■ Material provided ■
**********
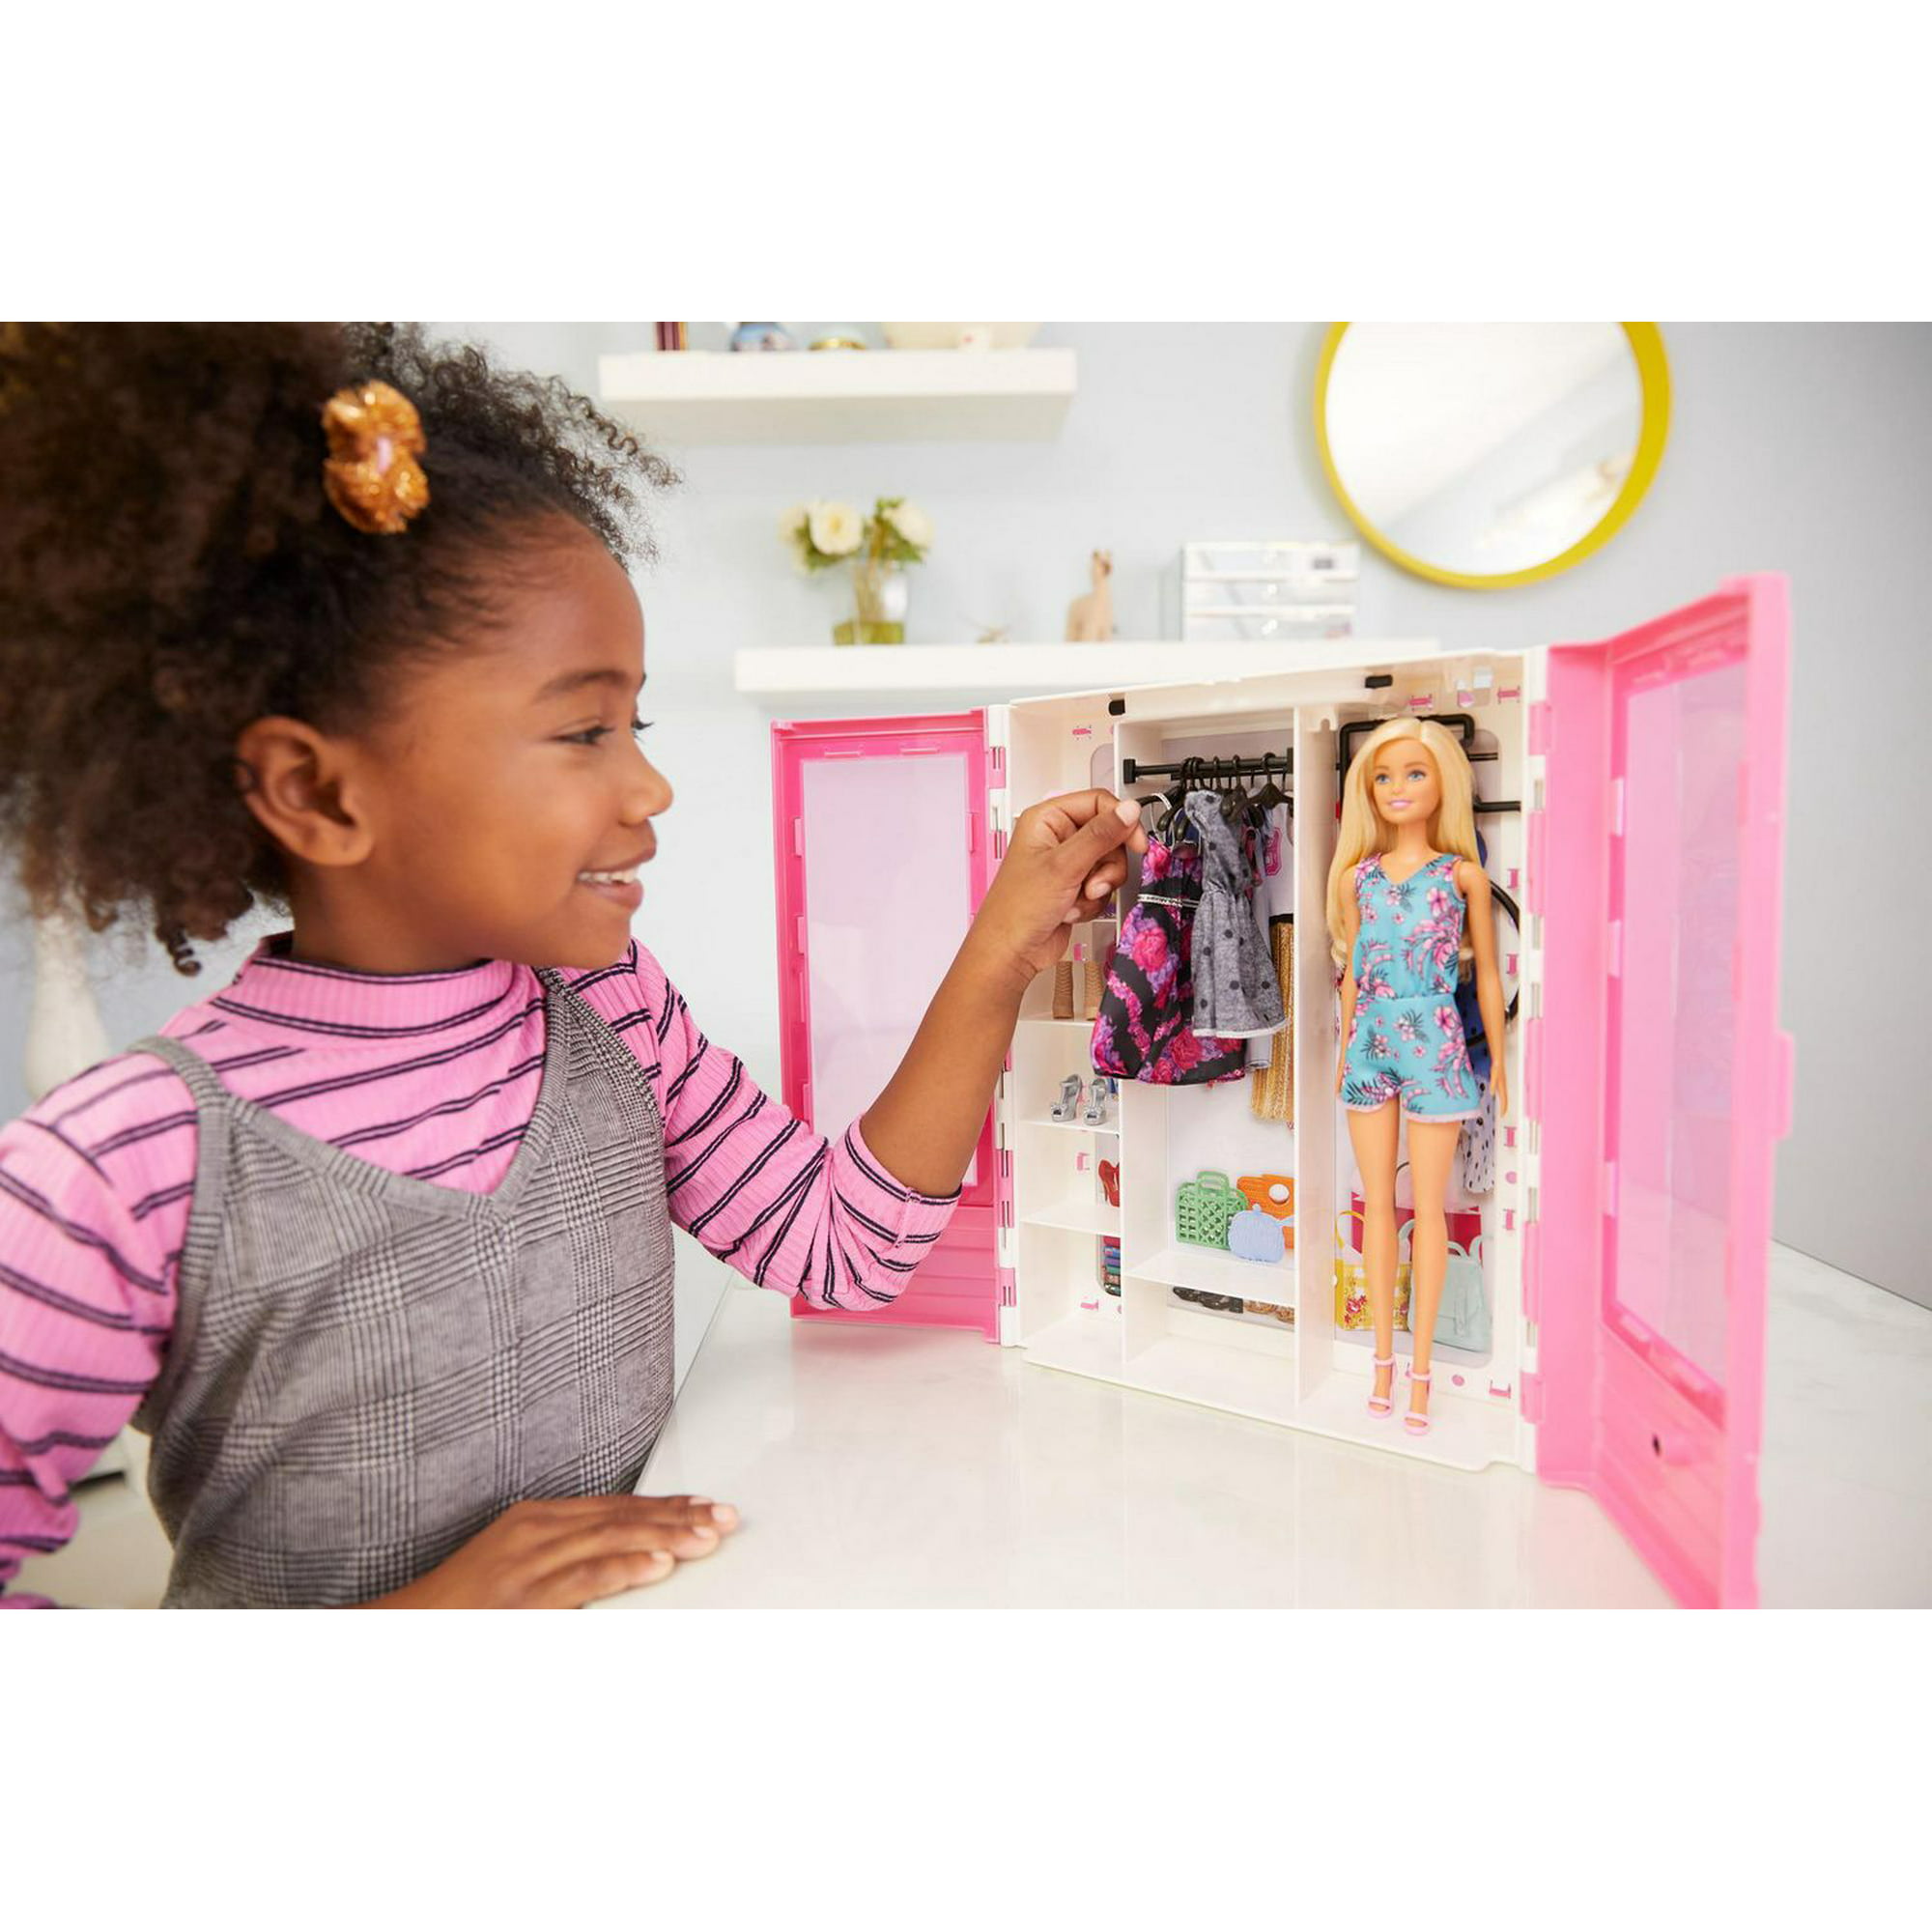 Mattel - Barbie Fashionistas Ultimate Closet com roupas da Barbie
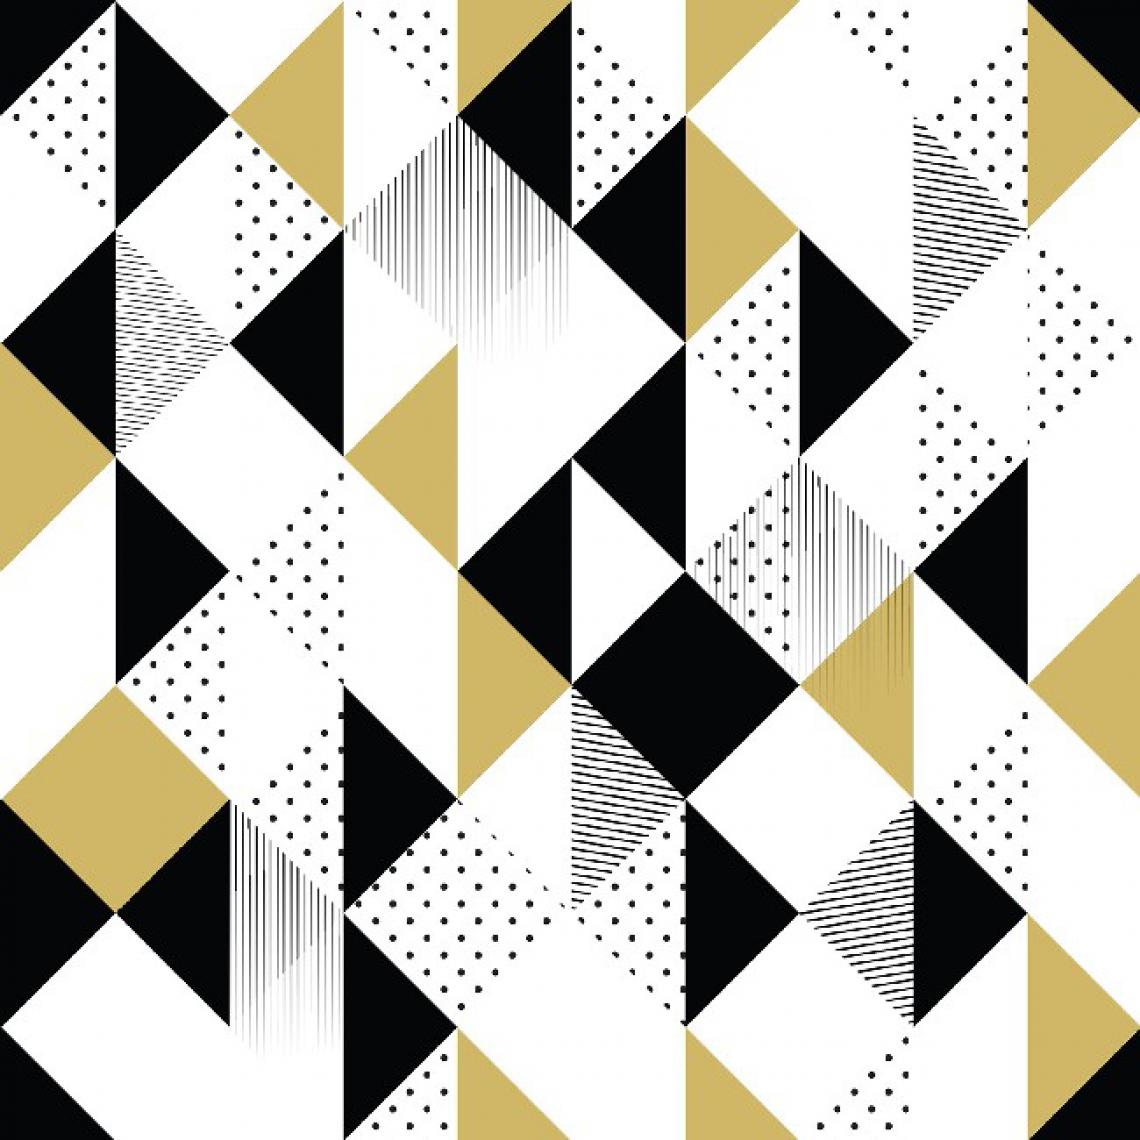 Homemania - HOMEMANIA Tapis Imprimé Geometric Patterns - Géométrique - Décoration de Maison - Antidérapant - Pour Salon, séjour, chambre à coucher - Multicolore en Polyester, Coton, 80 x 50 cm - Tapis
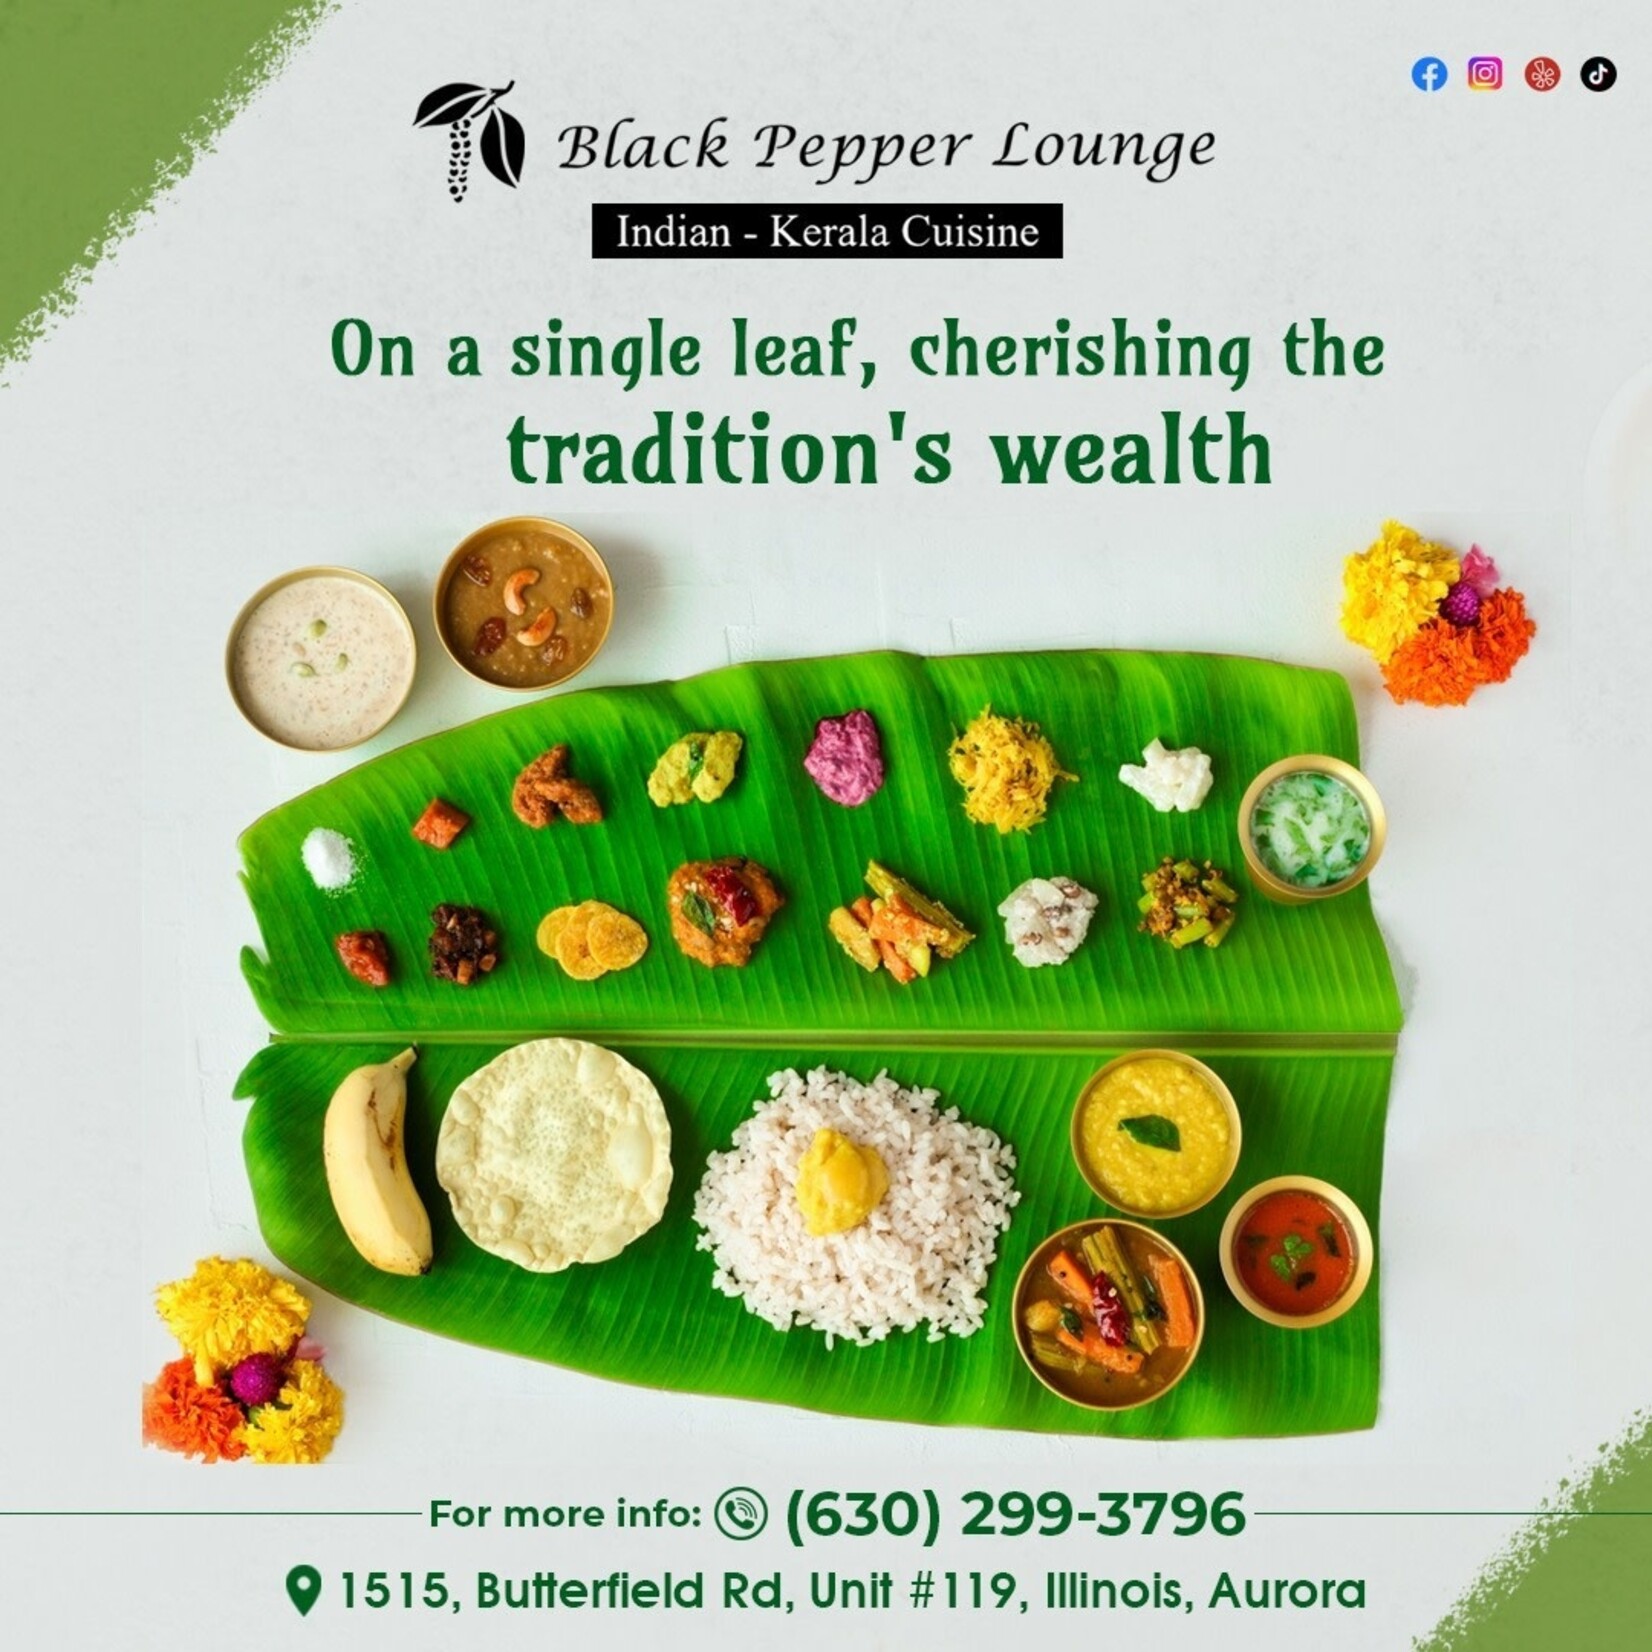 Black Pepper Lounge-Aurora Black Pepper Lounge Indian Kerala Cuisine Aurora
**********
■ The problem ■
Everything in the data above gets copied exactly. Only the pictures are skipped.

■ Answer box ■
 Mattel - Barbie Fashionistas Ultimate Closet com roupas da Barbie
 Homemania - HOMEMANIA Tapis Imprimé Geometric Patterns - Géométrique - Décoration de Maison - Antidérapant - Pour Salon, séjour, chambre à coucher - Multicolore en Polyester, Coton, 80 x 50 cm - Tapis
 Black Pepper Lounge-Aurora Black Pepper Lounge Indian Kerala Cuisine Aurora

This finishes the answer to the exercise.